## What you need to do
Should a picture appear anywhere in the data, omit it and copy everything else exactly.

## Exercise data
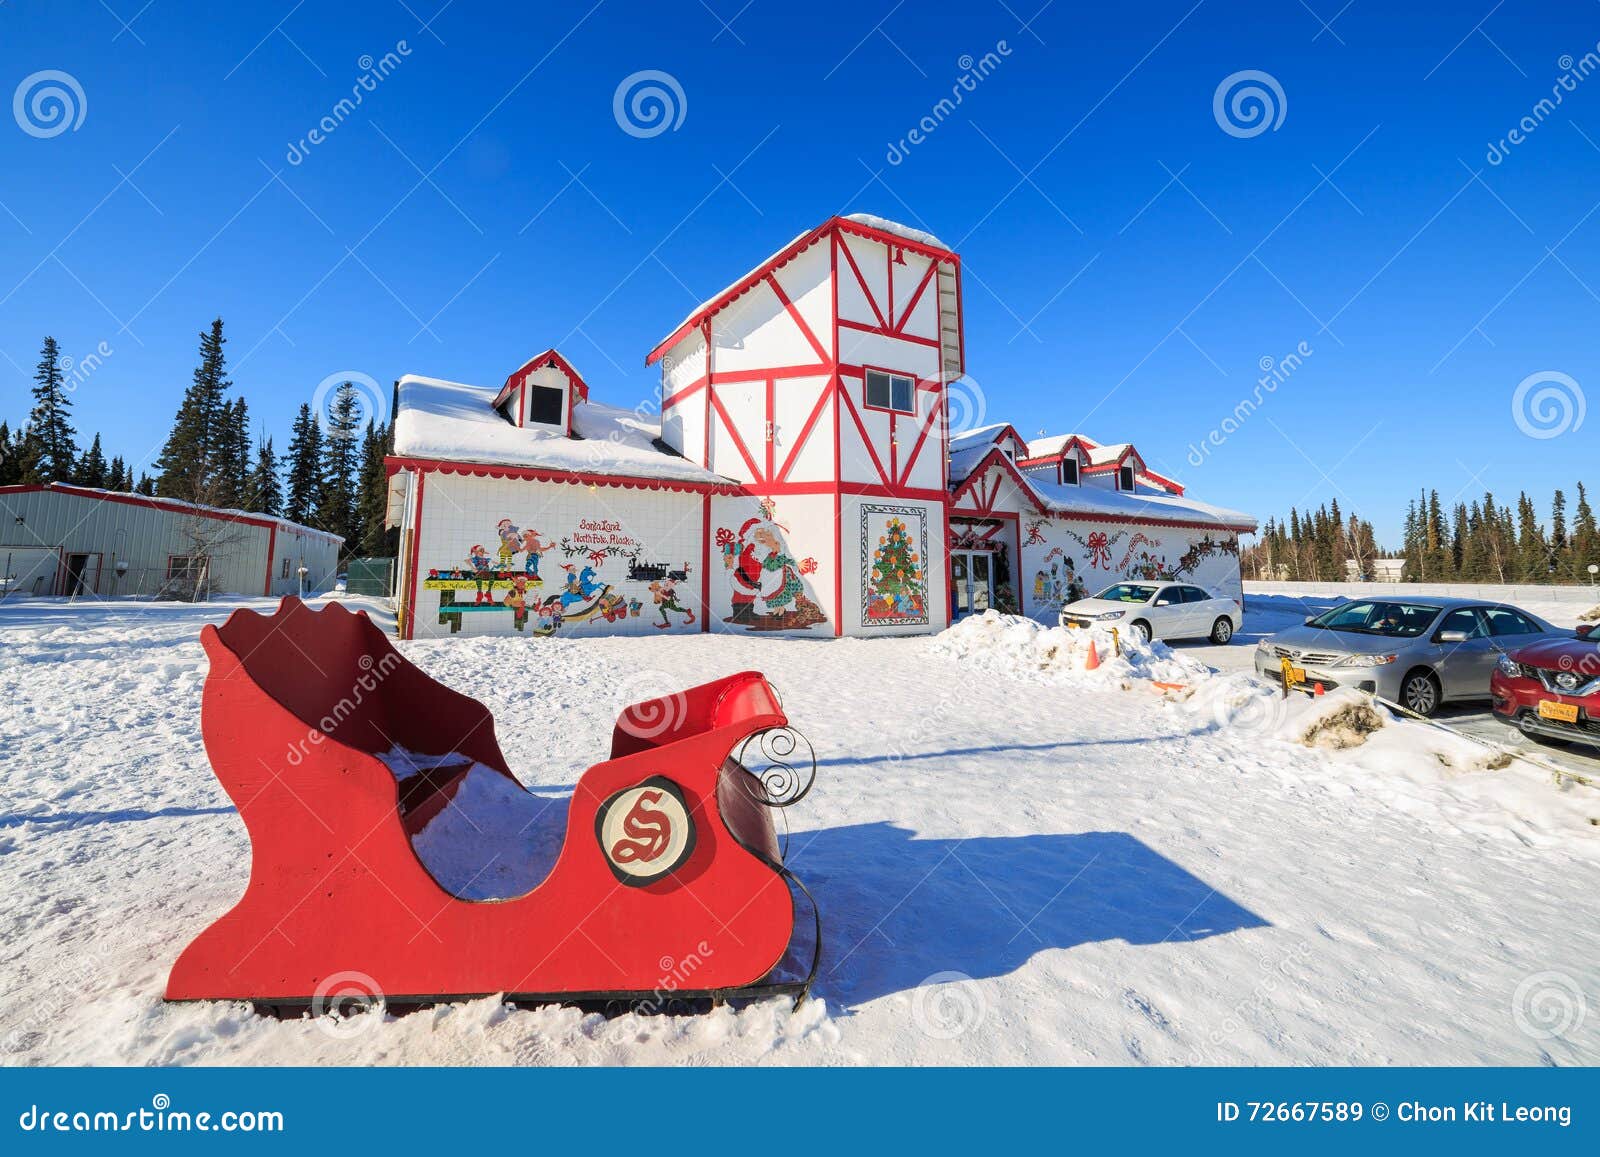 Casa Babbo Natale Polo Nord.Casa Del Babbo Natale Polo Nord Immagine Stock Editoriale Immagine Di Dichiara North 72667589
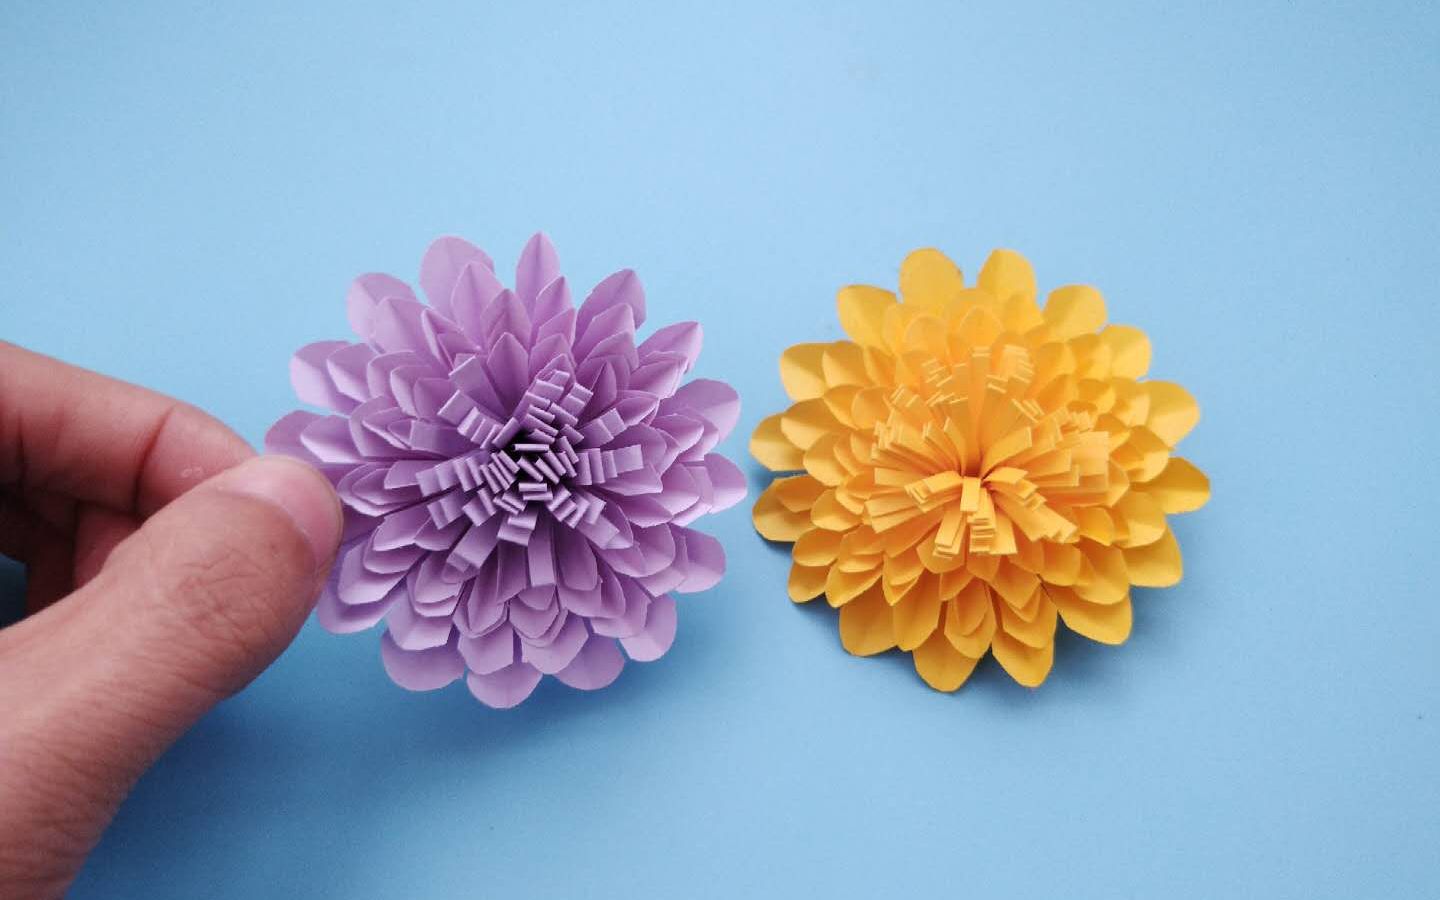 非常漂亮的立体菊花折纸,像真花一样逼真,手工diy折纸视频教程
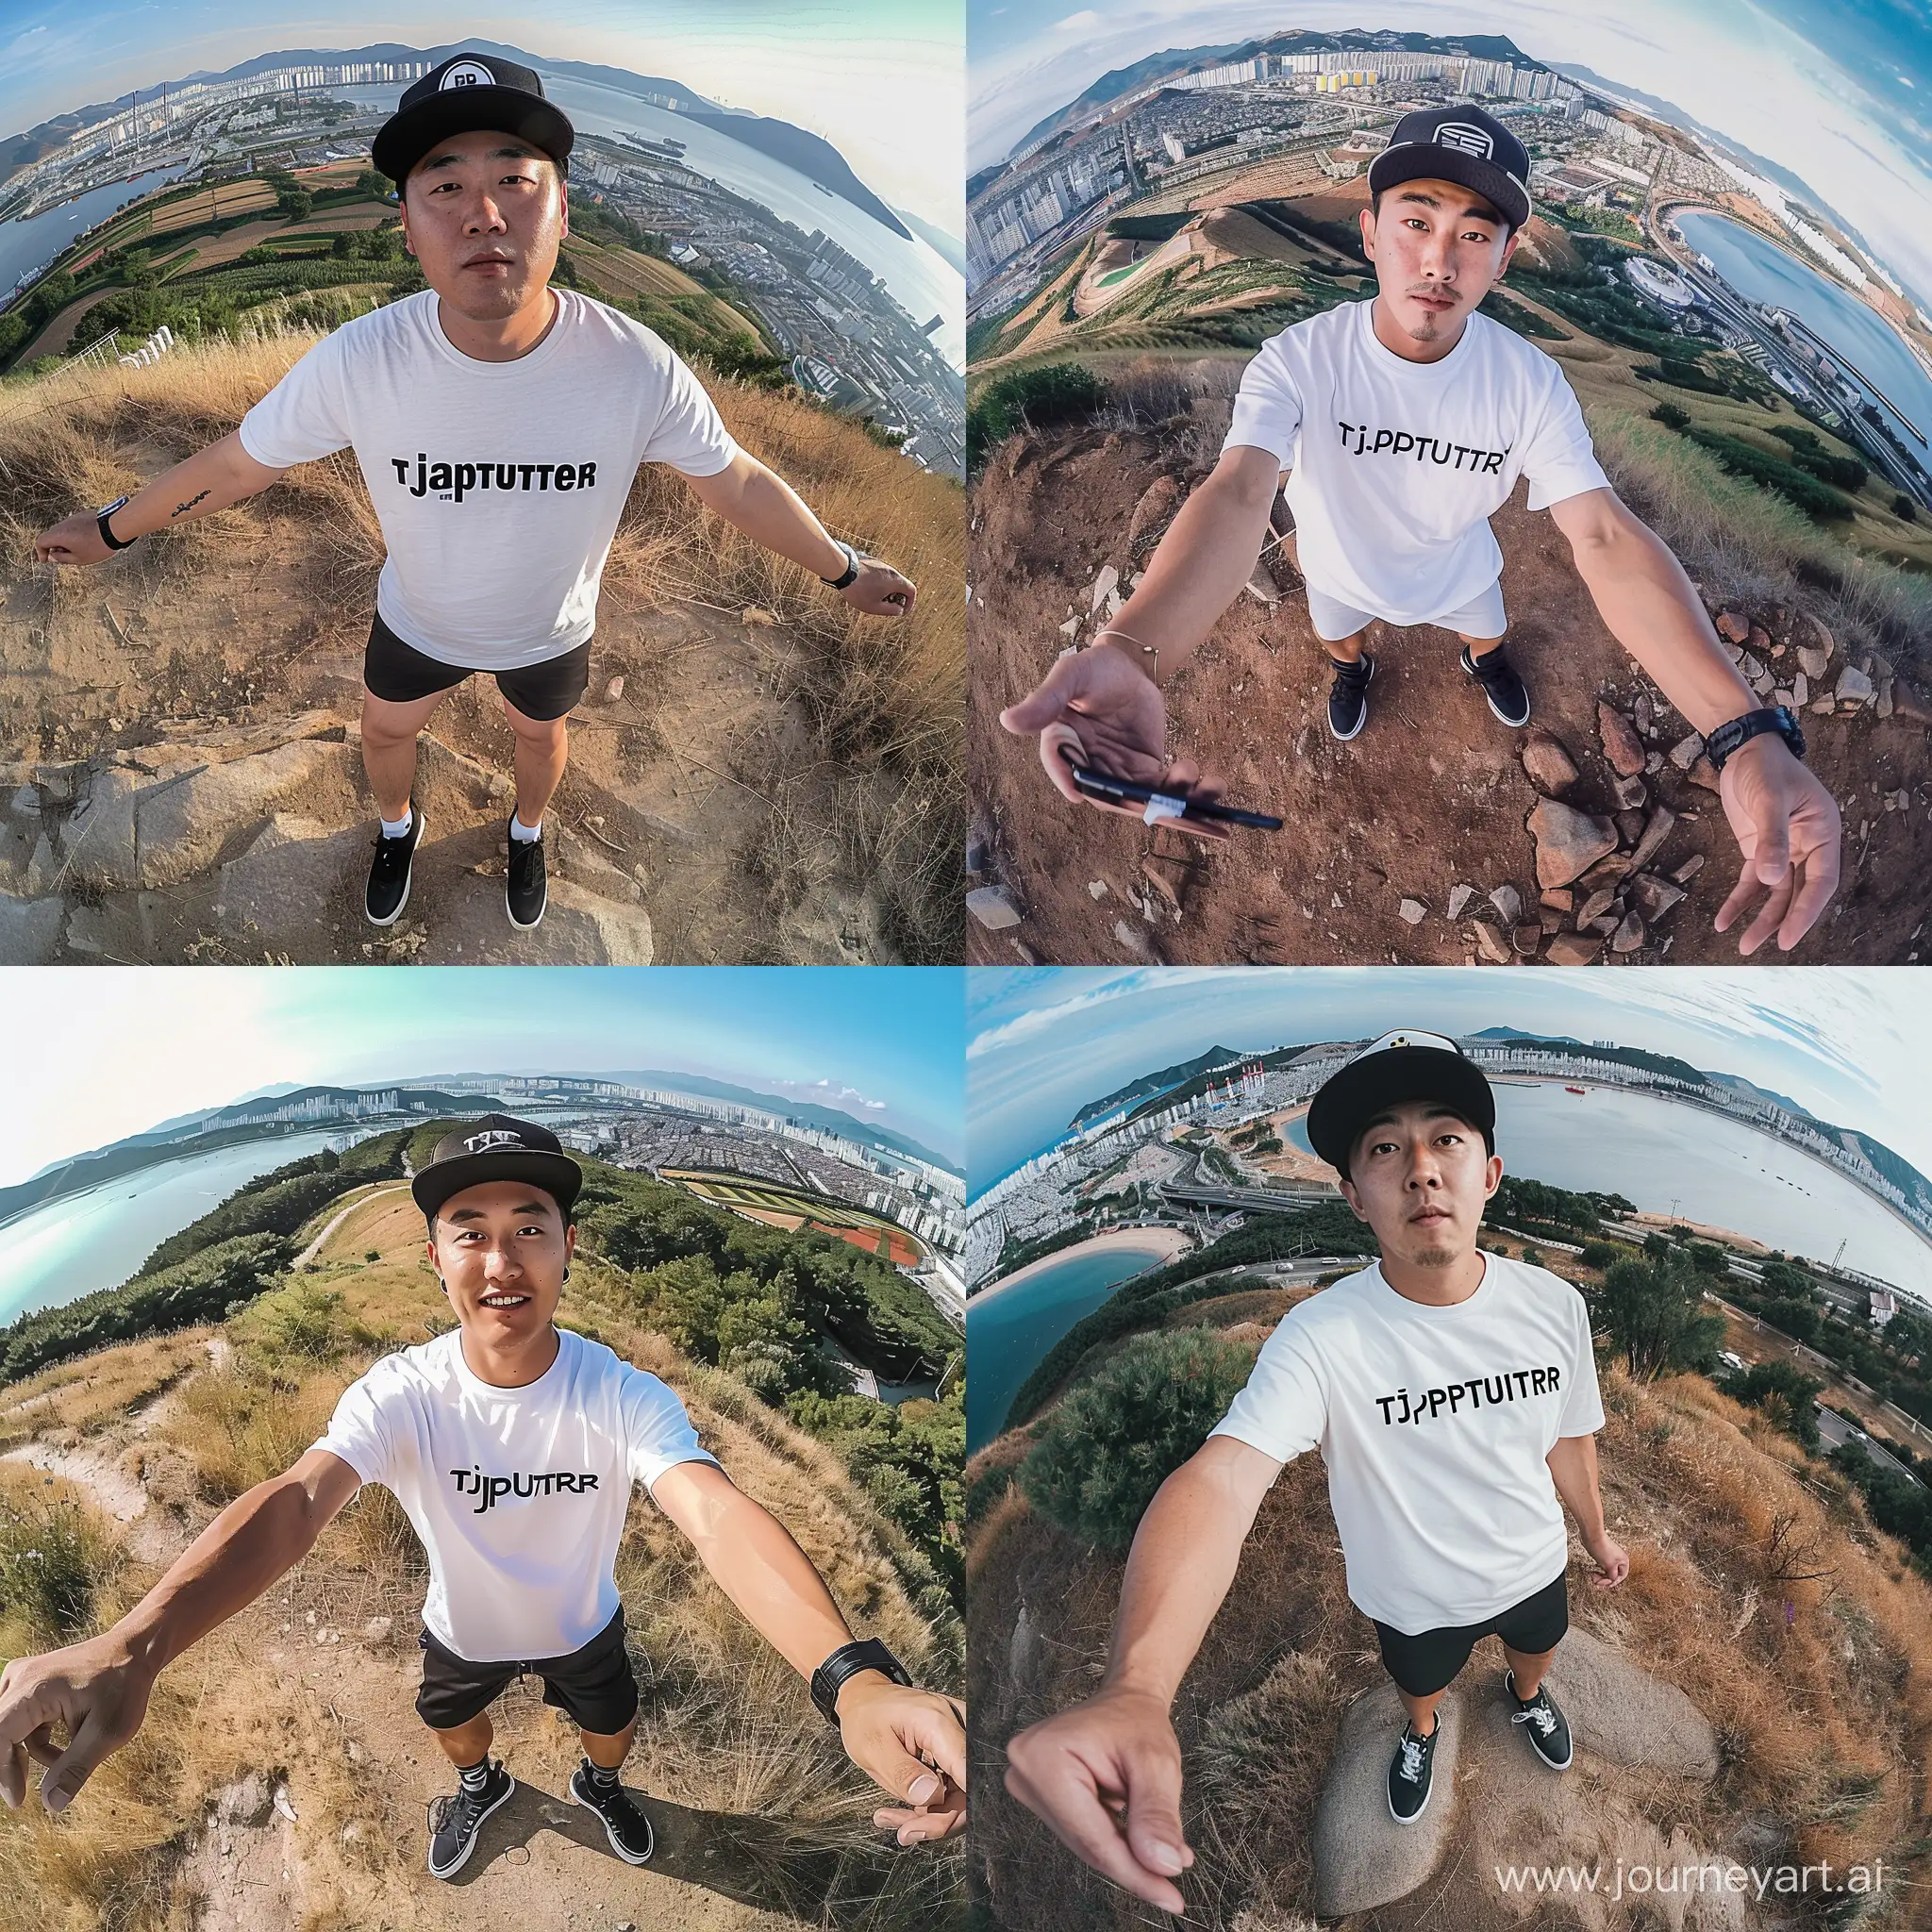 Korean-Man-in-Tjaptjuter-Tee-Captures-Stunning-Selfie-atop-Hill

## Response area
 Casa Babbo Natale Polo Nord.Casa Del Babbo Natale Polo Nord Immagine Stock Editoriale Immagine Di Dichiara North 72667589
 非常漂亮的立体菊花折纸,像真花一样逼真,手工diy折纸视频教程
 Korean-Man-in-Tjaptjuter-Tee-Captures-Stunning-Selfie-atop-Hill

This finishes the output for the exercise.